Recently, Waterstone’s nominated Chris as one of their “25 Writers of the Future”, though he thinks that was “a rather timid exercise that didn’t really add up to much at the end of the day”. He reminds me that Savage Moon was one of the original 700 novels considered by those new hot book-promoters: Richard and Judy. They deserve credit, Chris says, for being one of the few showcases for books currently on our TV screens. He hopes the programme’s researchers give him another chance with the new novel.

Chris’s quiet modesty belies his talent. He is one of the few crime writers with an established back-list published by Orion, the crime arm of the famous publisher Weidenfield and Nicholson, arguably the most impressive crime list in the UK. He tells me that he feels really honoured to share a publisher with the American James Lee Burke, who he cites as his favourite crime writer.

Killing The Beasts was the first novel to feature DI Spicer. It also starred post-IRA bomb and Commonwealth Games Manchester. “I’ve had no problem whatsoever with my publishers about setting my last four novels in Manchester. A changing city, even in a ramshackle way, is a perfect setting for the sort of crime stories I write. I’m also very lucky in that for some time now I’ve known a good friend who has grown higher in the Greater Manchester Police as the years have gone on. That type of contact can be vital to a crime writer.”

Chris spends three months researching his novels, and the entire gestation period takes a year - he writes them in long hand. “It’s vital to get the forensics right and the expert Ian Pepper is a fantastic source. There’s a lot of intriguing stuff about arson and its detection in my new book. You’ve got to be wary of the amazing advances in DNA because a crime can be solved so quickly these days that a crime writer wouldn’t be able to fill a page with his tale, let alone an entire novel.” As for authentic dialogue, Chris says that travelling on public transport and listening in to conversations is important to him.

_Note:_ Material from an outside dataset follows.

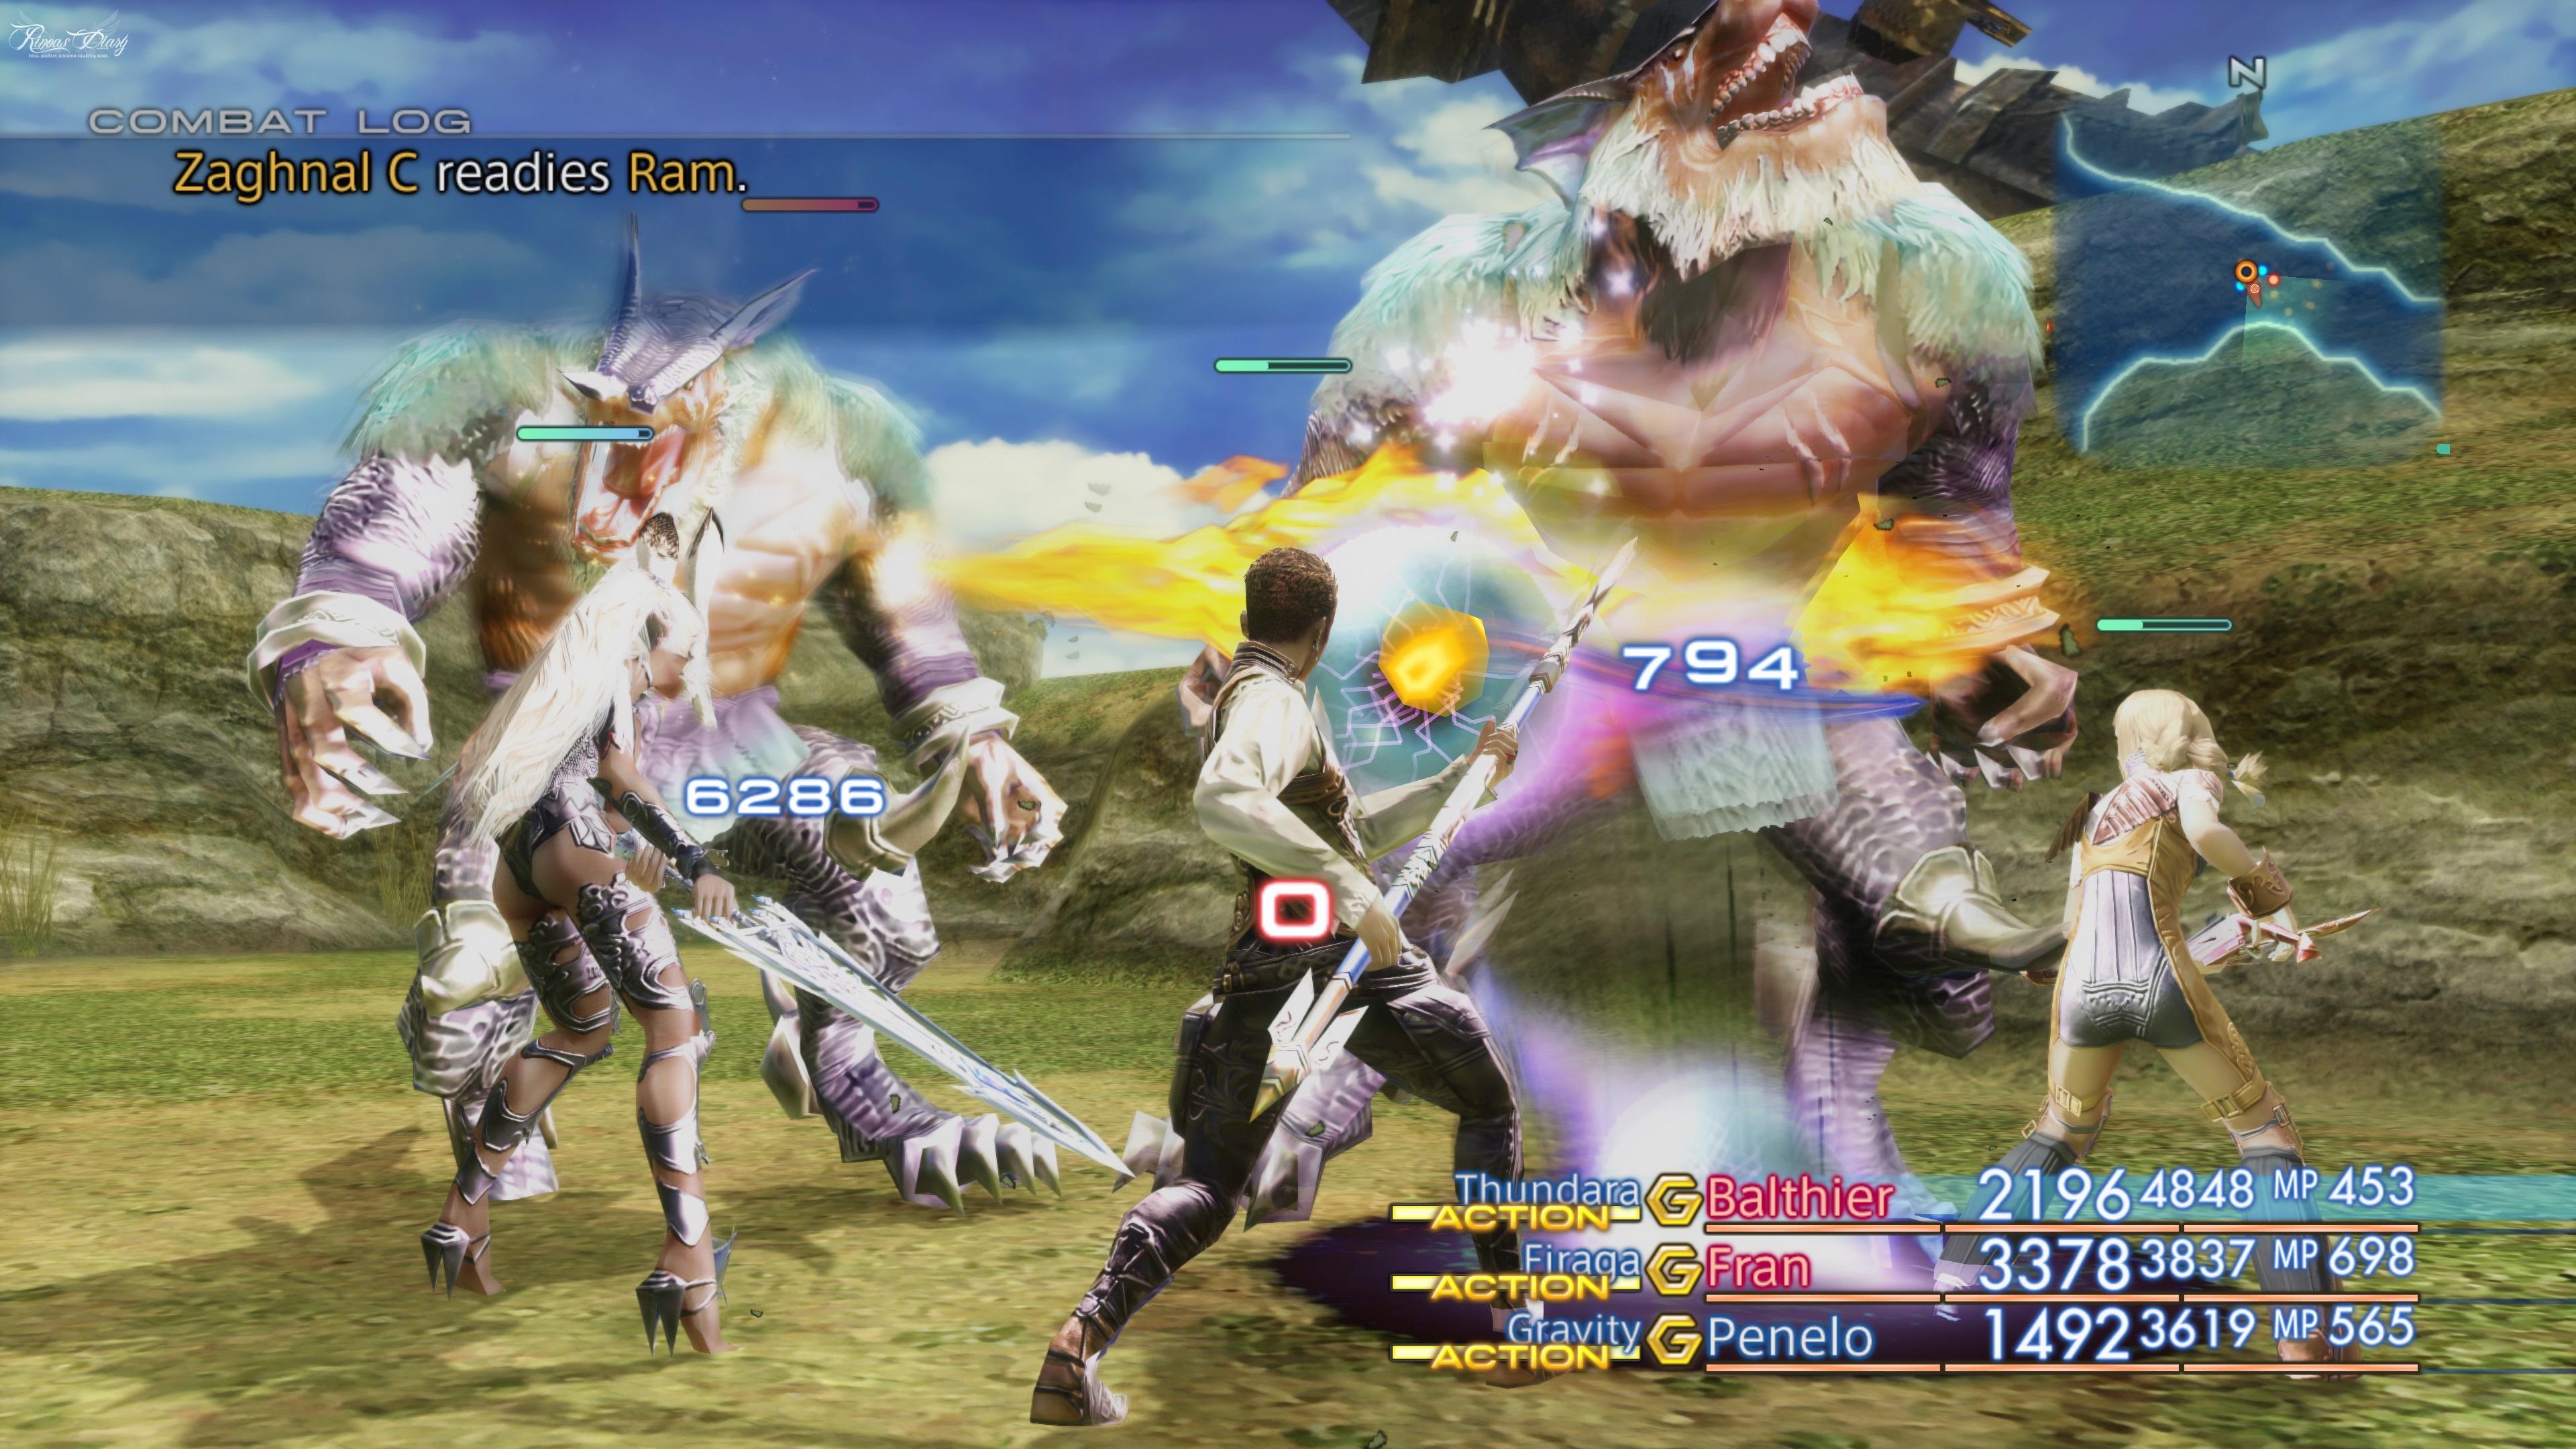 Final Fantasy XII: The Zodiac Age arriva su PC l'1 Febbraio!

His love for a girl from Marple, in Cheshire, brought Chris to the outskirts of Manchester. The Sussex-born Sociology graduate is proud that themes, rather than characters, dominate his work and says that Spicer is emphatically not a Mancunian Rebus, the Edinburgh detective created by Ian Rankin. “There is little cynicism in Spicer, and he is younger, and he has none of the world weariness or complicated love life of Rebus,” he says. “My Spicer novels have permitted me to explore so many topics that interest me: consumer and car culture, the way we treat animals, plastic surgery and terrorism have all been the topics that have galvanised my work.”

Hell’s Fire’s extremely prescient theme, the way certain people pervert a religion, can be added to that list. When a church is torched in central Manchester and a charred corpse and satanic symbols are found in the ruins, DI Spicer is called in. Blaise Pascal’s view that ‘men never do evil so completely and cheerfully as when they do it from a religious conviction’ provides the book’s template and as Spicer is drawn in as the bodies turn up, others close to him become equally affected. It is thoughtful and exciting crime fiction at its best.

Hell’s Fire is published by Orion on 1 May at £9 99 pbk and £18 99 hdbk.